#### AVAILABLE DATA

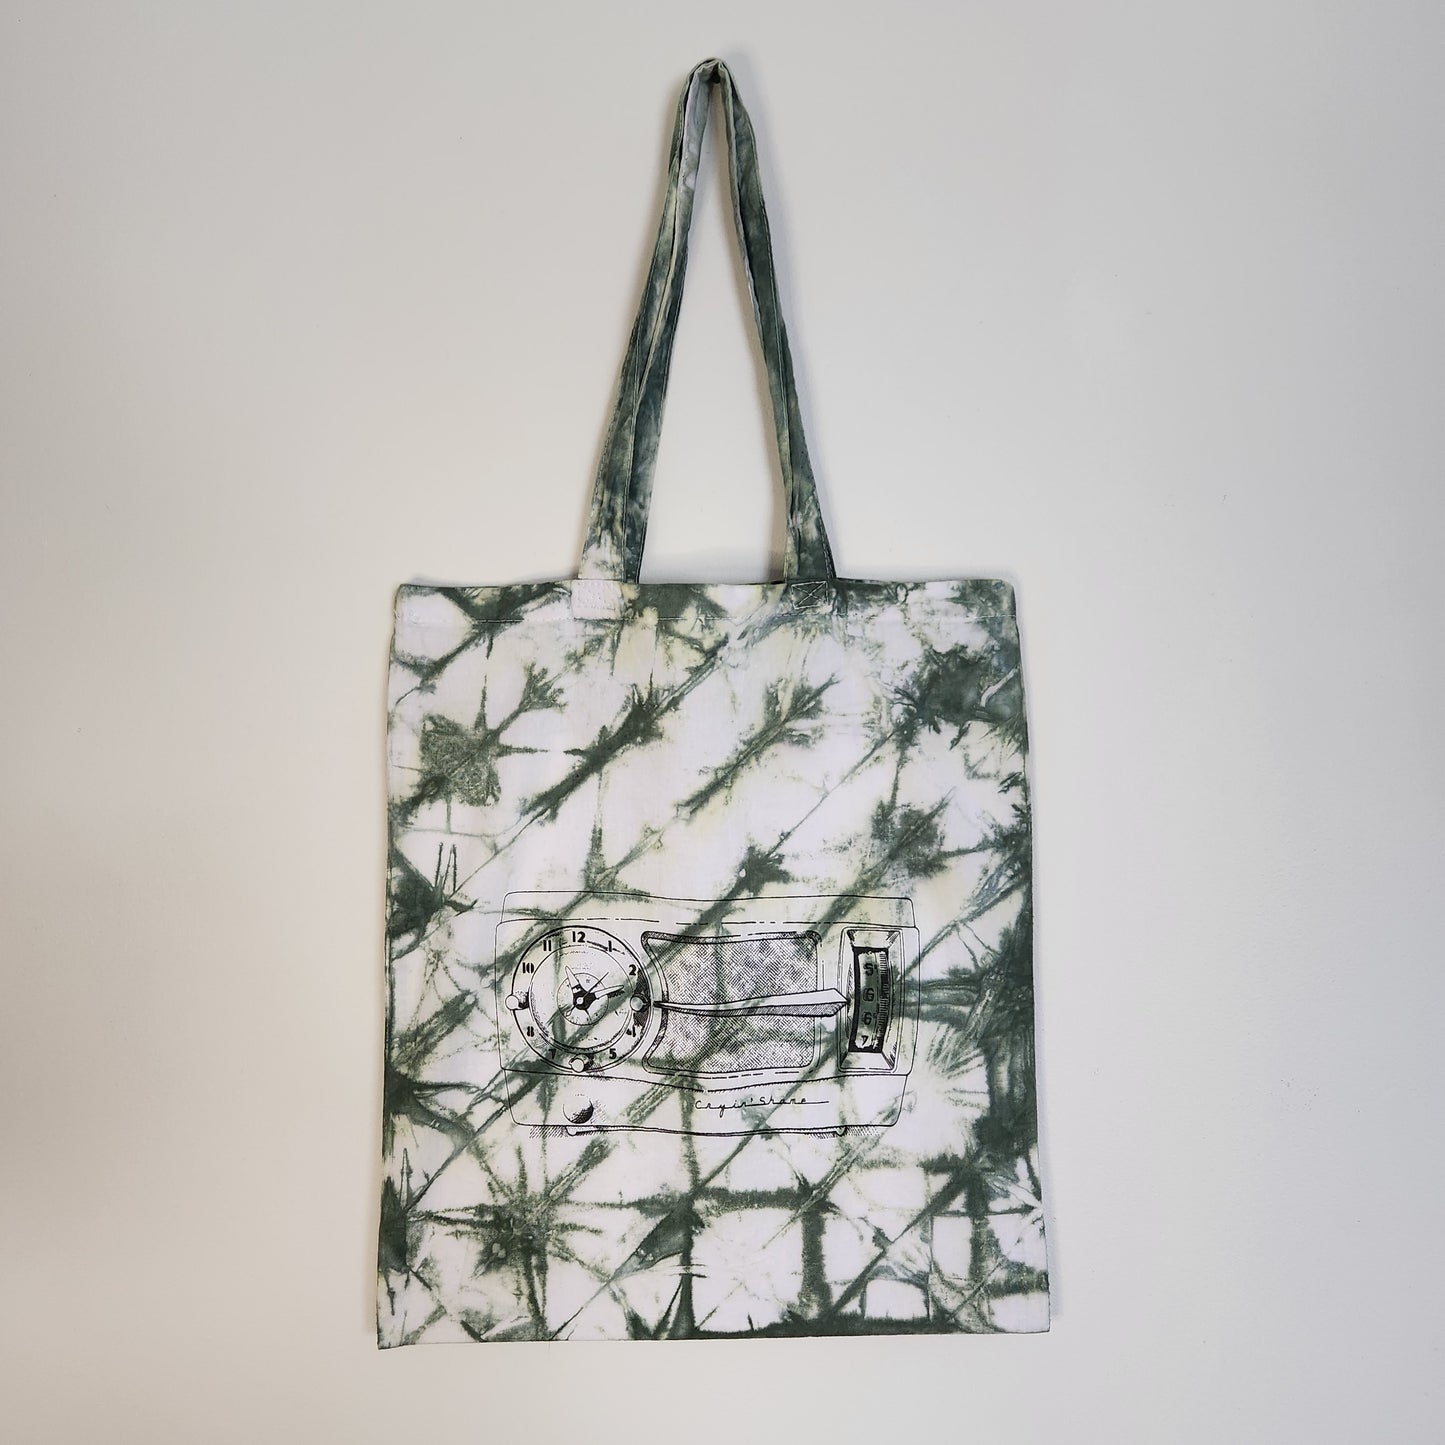 Tie Dye Totes - Limited Edition
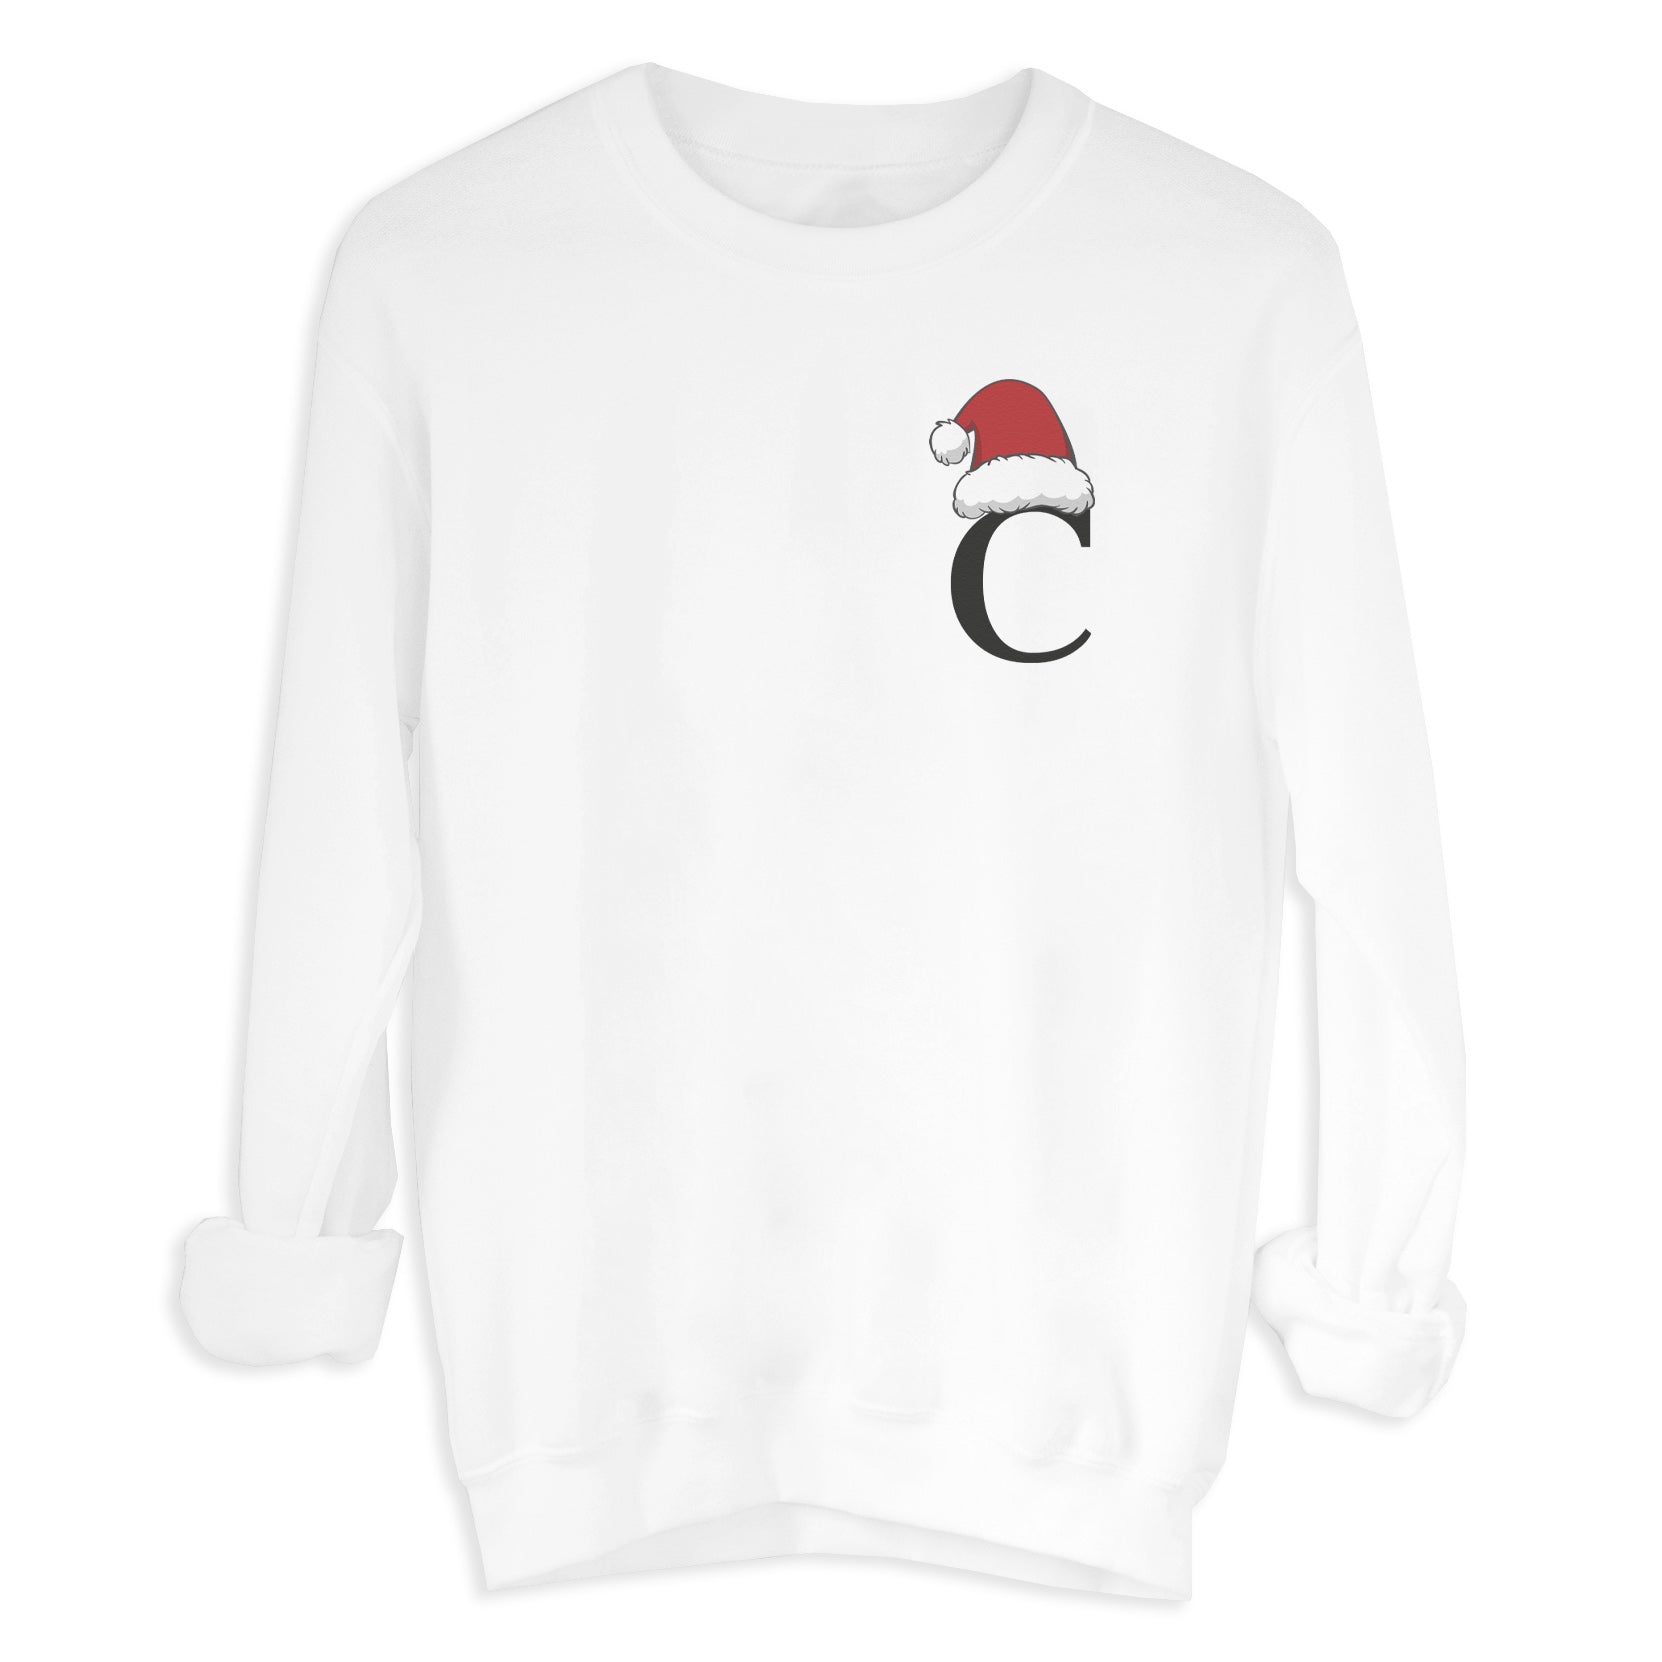 PERSONALISED Initial Christmas Sweater - Christmas Jumper Sweatshirt - All Sizes
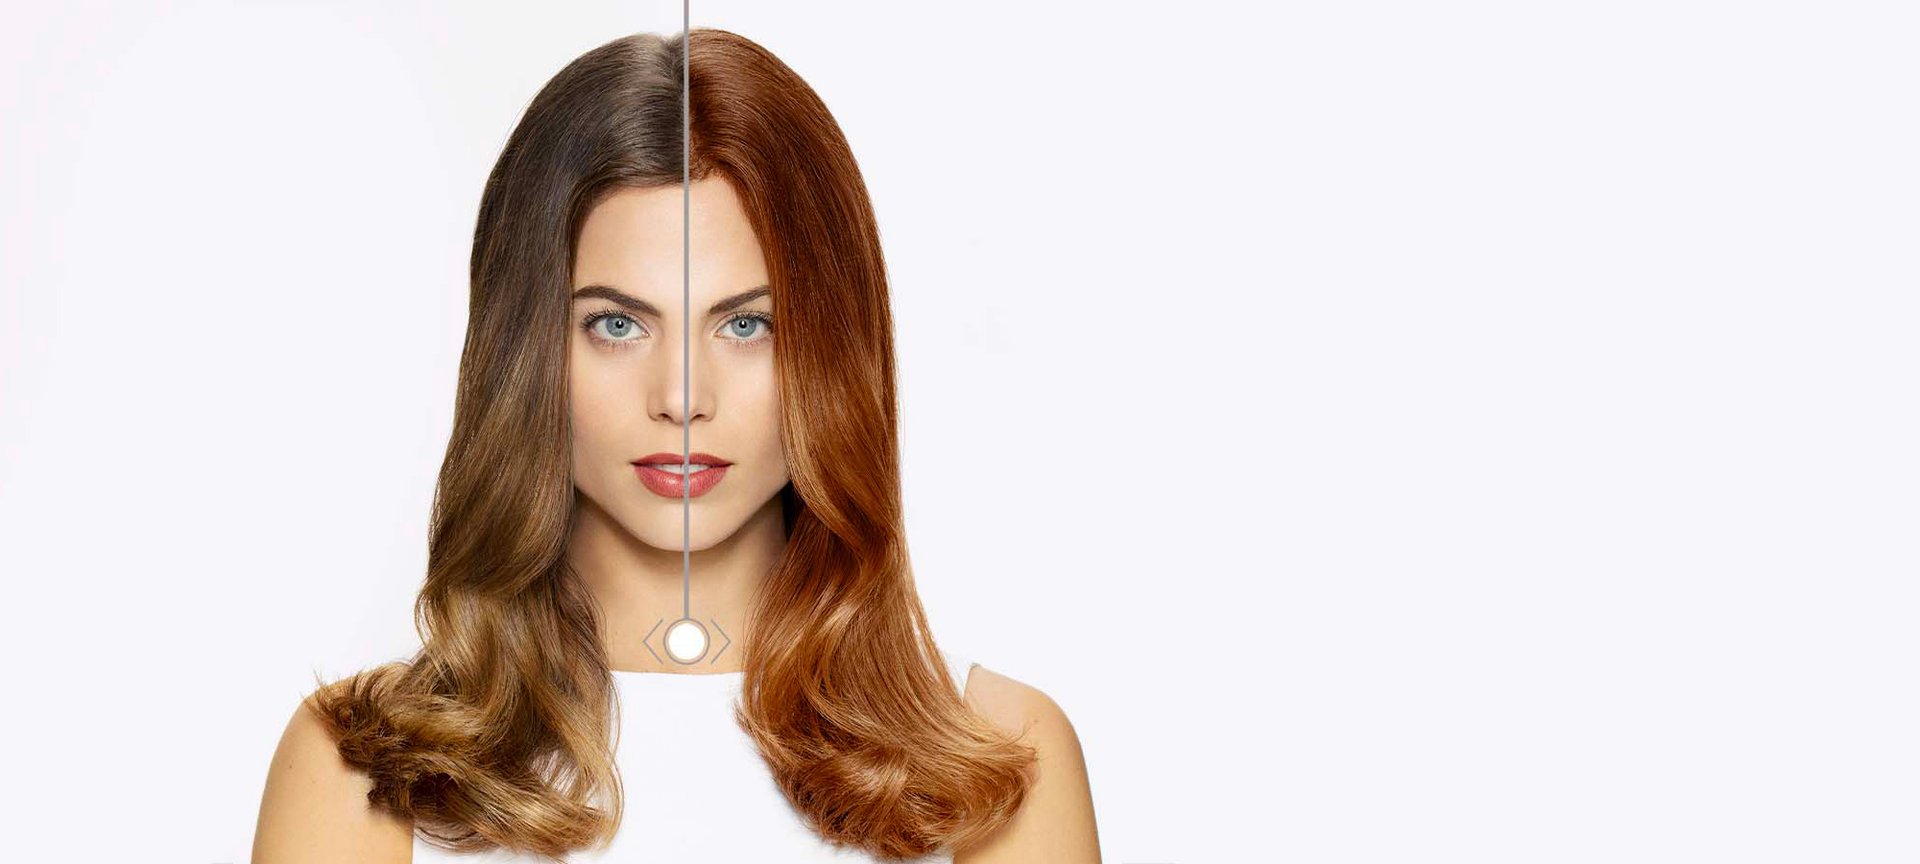 Virtual Hair Colour Try On, Shade Finder

########

> **TASK DETAILS**
Would you please retype the material above exactly and leave out each picture?

> **COMPLETED TASK**
 Tie Dye Totes - Limited Edition
 PERSONALISED Initial Christmas Sweater - Christmas Jumper Sweatshirt - All Sizes
 Virtual Hair Colour Try On, Shade Finder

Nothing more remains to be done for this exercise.